Second, Washington should convince its Asian allies that it is committed to becoming a leading energy-exporting country and a major player in the global energy-trade system. This means expediting the permission process for export terminals for coal and LNG and the removal of the anachronistic four-decade ban on crude oil exports.

Third, the United States should enhance cooperation with Asia on unconventional gas. China owns the world’s largest shale reserve. Japan is a global leader in the development of methane hydrates. According to estimates, there is more energy in the world’s methane hydrates than in all the world’s oil, coal and gas put together.
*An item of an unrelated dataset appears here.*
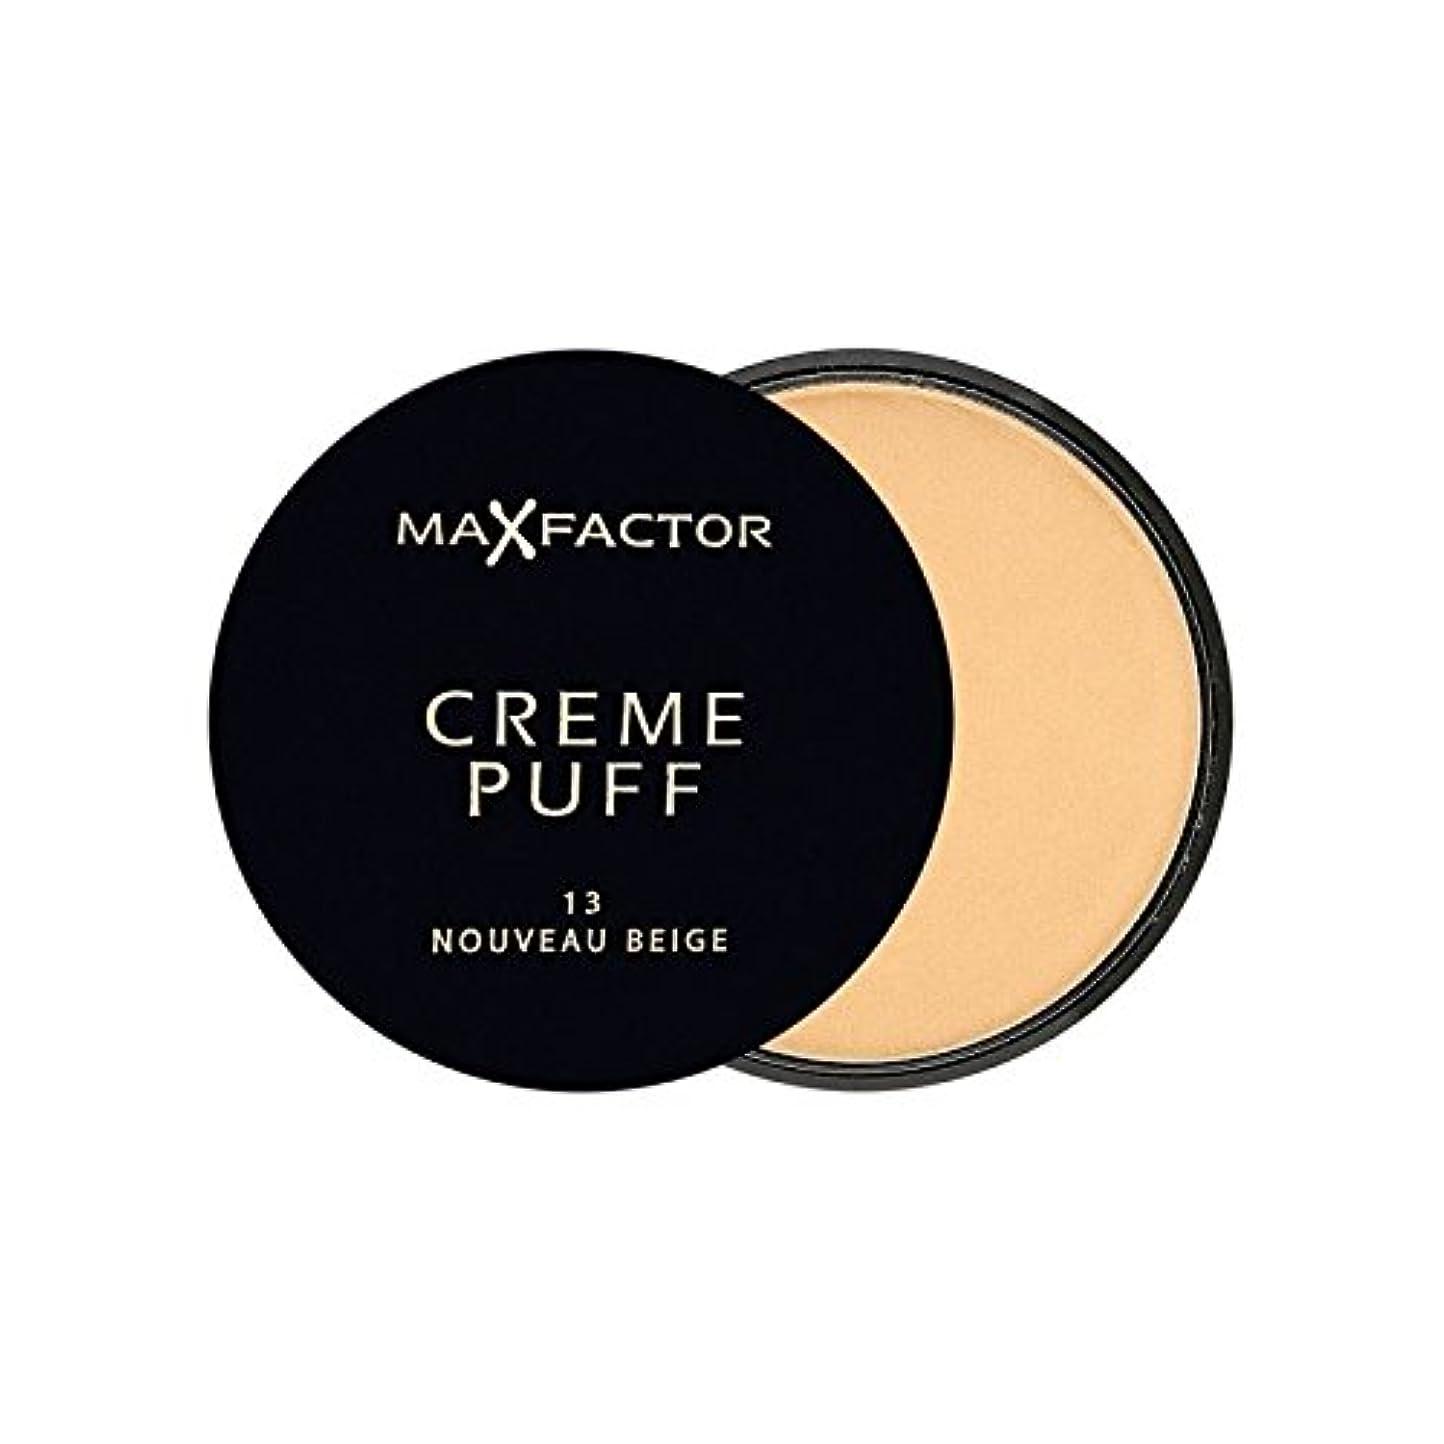 ビザ提供論文マックスファクタークリームパフ粉末コンパクトヌーボーベージュ13 x2 - Max Factor Creme Puff Powder Compact Nouveau Beige 13 (Pack of 2) [並行輸入品]

Unlocking the secret to their safe and environmentally responsible extraction could be a game-changer in the global energy landscape.

Fourth, the United States should support measures aimed at reducing LNG prices in the Asia-Pacific to make LNG more competitive with Russian pipeline gas. The price of natural gas in the Asia-Pacific is mostly indexed to oil or oil products. In order for consumers to enjoy a competitive gas market, pricing should be indexed to spot prices that are tied more closely with supply and demand fundamentals in the region (gas-to-gas competition). However, despite the fact that the Asia-Pacific is the second largest gas market in the world, it lacks a single natural gas trading hub to facilitate the transparent exchange of the commodity and provide more competitive prices. The amount of gas currently traded via pipelines is very limited, and the market relies increasingly on LNG, which is more conducive to gas-to-gas competition. If Russia succeeds in carrying out its pipeline strategy this will undermine the prospects of an Asian trading hub, as pipeline gas is more likely to be tied to oil. This will result in perpetuation of the oil indexation to the detriment of the region’s economies. Unsurprisingly, both OPEC and the Gas Exporters Country Forum (of which Russia is a member) endorsed oil indexation as the preferred pricing scheme to trade natural gas. The United States should work with the governments of the Asia-Pacific—China, Japan and South Korea—to gradually shift the gas market toward gas-to-gas competition and toward the establishment of at least one regional trading hub. This will not happen overnight but the intention and vision should be articulated in order to steer investments in natural gas infrastructure and to facilitate the emergence of a competitive and transparent market.

Finally, Washington should strive to include China and India as members of the International Energy Agency (IEA), even though those two countries are not members of the OECD and therefore technically not eligible for IEA membership. Being part of a multinational energy-security mechanism would strengthen China and India’s connection to the club of rich industrialized democracies instead of to Russia, whose application for OECD has been suspended in light of its recent behavior

Transnational pipelines are the contour lines of geopolitics in the twenty-first century. Russia’s design is now apparent to all. America needs to show it has one as well.

Gal Luft is co-director of the Institute for the Analysis of Global Security and a senior adviser to the United States Energy Security Council. He is also co-chairman of the Global Forum on Energy Security.